Tiny Telescope For Simple Radio Astronomy

We are used to imagining radio telescopes as immense pieces of scientific apparatus, such as the Arecibo Observatory in Puerto Rico, or the Lovell telescope in the UK. It’s a surprise then that they can be constructed on a far more modest sale using off-the-shelf components, and it’s a path that [Gonçalo Nespral] has taken with his tiny radio telescope using a satellite dish. It’s on an azimuth-elevation mount using an Ikea lazy susan and a lead screw, and it has a satellite TV LNB at the hot end with a satellite finder as its detector.

So far he’s managed only to image the wall of his apartment, but that clearly shows the presence of the metal supporting structure within it. Taking it outdoors has however not been such a success. If we wanted to hazard a guess as to why this is the case, we’d wish to look at the bandwidth of that satellite finder. It’s designed to spot a signal from a TV broadcast bird over the whole band, and thus will have a bandwidth in the hundreds of MHz and a sensitivity that could at best be described as a bit deaf. We hope he’ll try a different path such as an RTL-SDR in the future, and we look forward to his results.

This isn’t the first simple radio telescope we’ve seen here, aside from at least one other LNB-based one we’ve also shown you a WiFi device.

9 thoughts on “Tiny Telescope For Simple Radio Astronomy

  1. “… modest scale…” vs “… modest sale…”? Maybe was meant to be.
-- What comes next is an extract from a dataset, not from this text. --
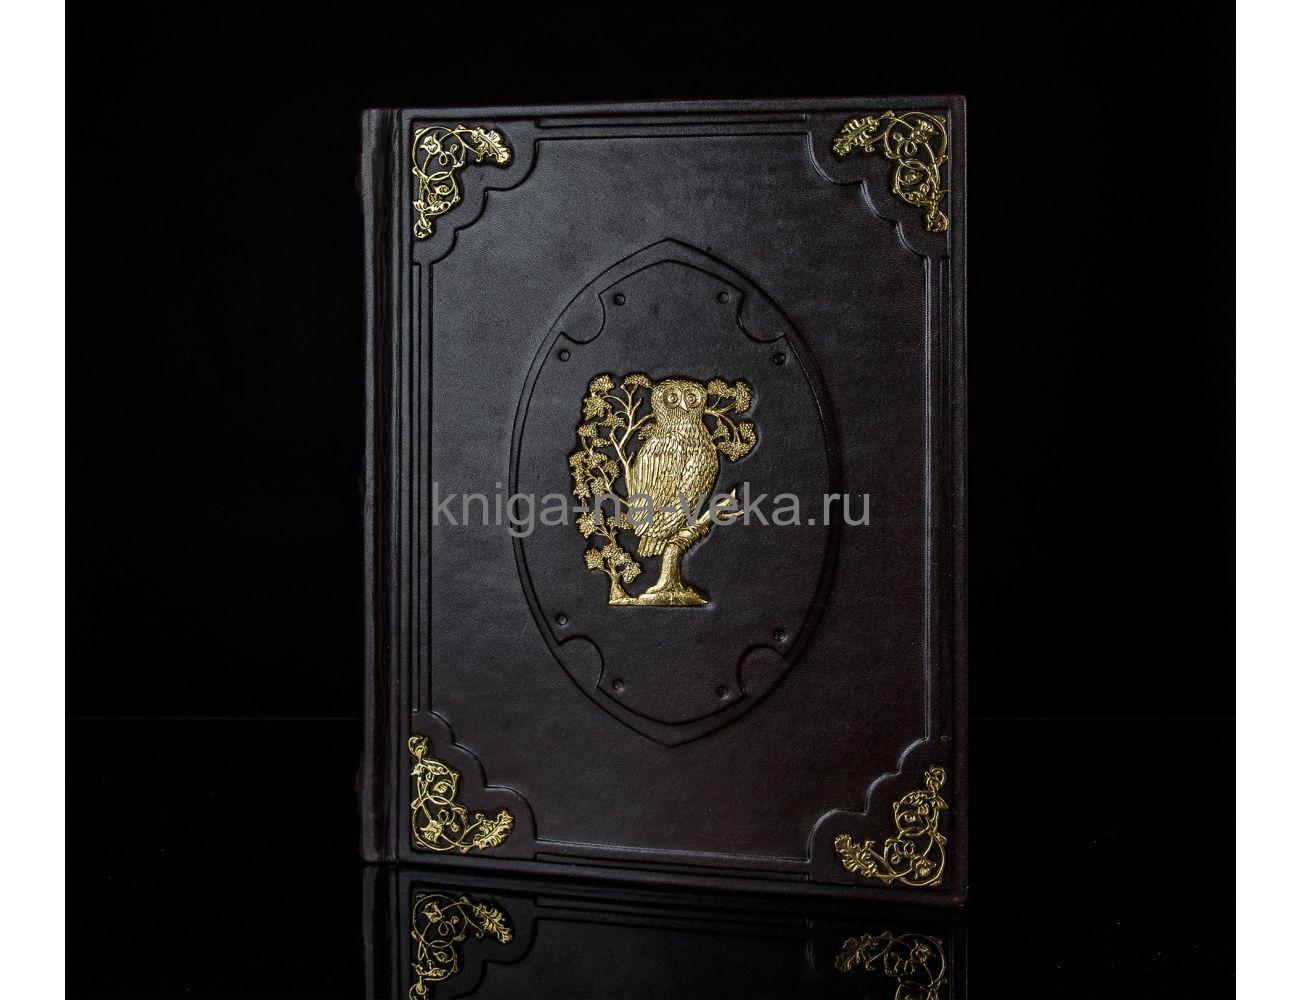 """Книга """"Книга мудрости"""" в кожаном переплёте с ажурными уголками и накладкой в виде совы"""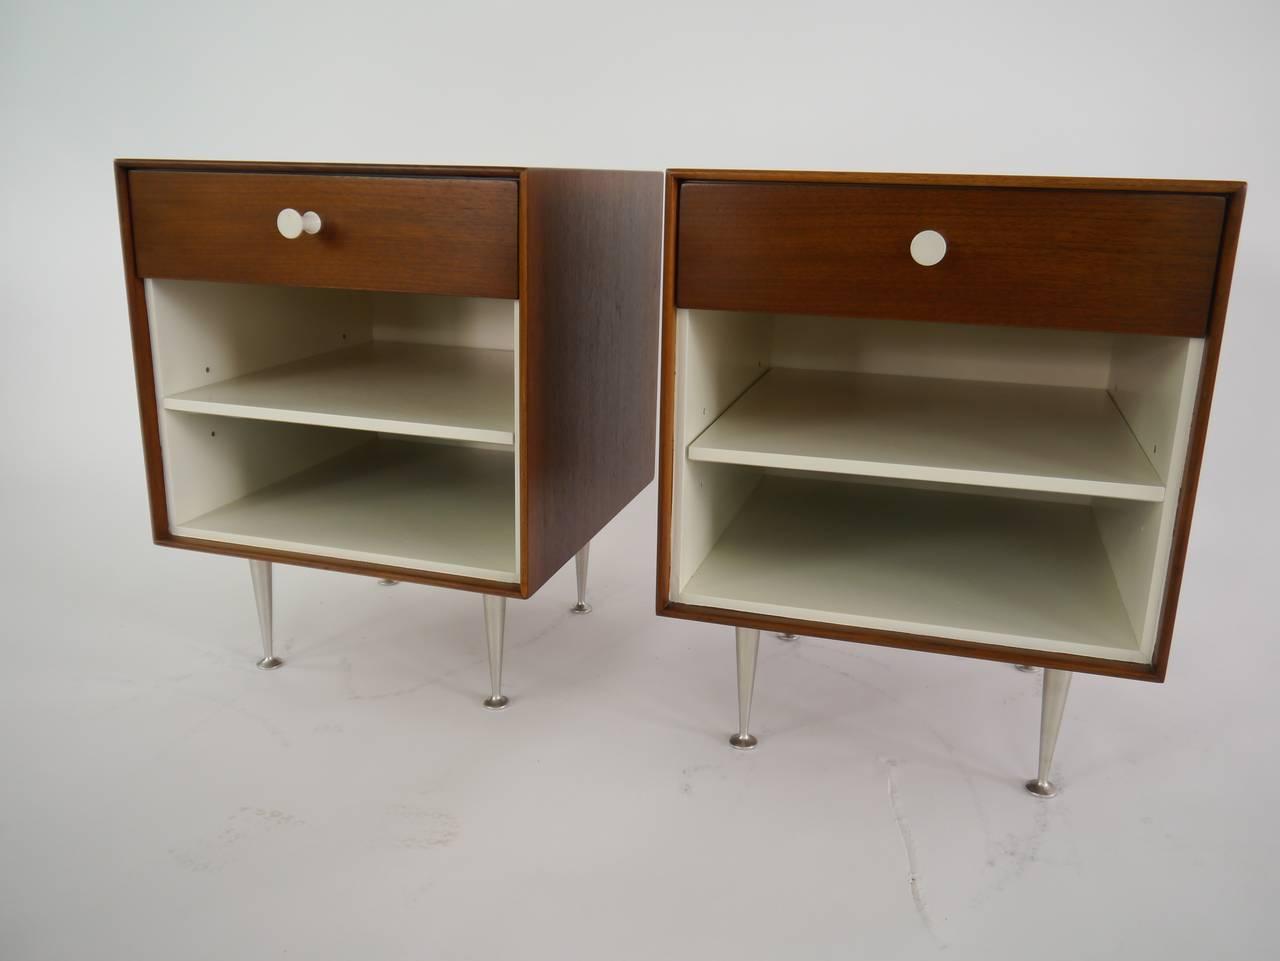 Herman Miller Bedroom Furniture Deco Gilbert Rohde For

I know all the dish’s I salvaged were all free. :-|)

    Awesome to see a lazy suzan design. I’ve not seen any others that look sort of like a Dobsonian mount I’ve been procrastinating about. I did receive the teflon material and since the cost of the 14-16″ old hard disc platters are so much… I opted for two laser discs to make my first mount. Found there are Fab Labs that just opened up in the areas I live and work too.

    1. If you have a lot of land and an 8-foot dish, not hard. Well, motorizing an old C-band dish and making it work reliably is hard, but that’s besides the point.

      The biggest problem is finding a large enough dish. You *could* do a yagi, although that too would also be exceedingly large compared to a DirectTV dish.

    2. Another interesting design to consider is a parabolic trough. Like a dish… technically we can build troughs also where the mount is going to be large… there might be ways to reduce the weight. The trough can even be made from mesh, tubes or wires like others and this design for example:

      There are also some long wire antenna designs that used to have images online that I am not finding at the moment that might be cost effective to make with a turret mount if you can’t find a free satellite dish or need to take down for some reason.

      Here is the closest I am finding (note the radio telescopes) and imagine some of the other designs as the antenna element versus being the reflector since those help increase gain and some bandwidth. https://ece.illinois.edu/about/history/antenna/photos.asp

      I’m planning on using a trampoline as the frame for the 8′ free satellite dish I picked up. Thinking if I find a large enough, like 17′ diameter trampoline frame… I can even mount two or more receivers, i.e. like a IR-Vis-UV telescope with two radio telescopes. Thinking like instead of the lazy susan in the trampoline design, using casters beneath the base ring where the wheels instead of being flat bottom with have the contour of the trampoline pipe. Maybe have a, not much inflated, tire on a wheel attacked to a motor to control azimuth. Just ideas… however, I don’t think the stock 8′ satellite dish mount and turret design is optimal. I like this articles style or a Dobsonian for some reason, that if left outside for long term… can be made heavy duty to use during most weather conditions.

      These more portable radio telescope designs are awesome though.

  2. Captain Green from Captain Scarlet and the Mysterions built a pocket radio telescooe, according to the Captain Scarlet Annual from the late sixties. But you always need a big antenna, no getting around that.

    Ray Naughton in the sixties did moonbounce from Australia. Lacking money, he did have endless space. So he got a bunch of surplus telephone poles and made stacked rhombics, ie long wire antennas. At 50 and 144MHz he could get enough gain with reasonably sized antennas to succeed, even with the Australian power limit of 150 watts.

    The higher in frequency the more gain you get for a given length of rhombic, so higher frequencies would be easier, though nobody really talks about rhombics above about 500MHz.

    A dish has to be a certain size to get the gain at a given frequency, but the feed could be changed to cover different frequencies. Many other antennas have limited frequency range. Collinear antennas, basically a dipole with a reflector, ganged together in an array are simple to make but can get bulky. But they have been used for moonbounce, often easier than an array of yagis.

    Log periodic antennas have broad band, but limited gain unless you start building an array of them.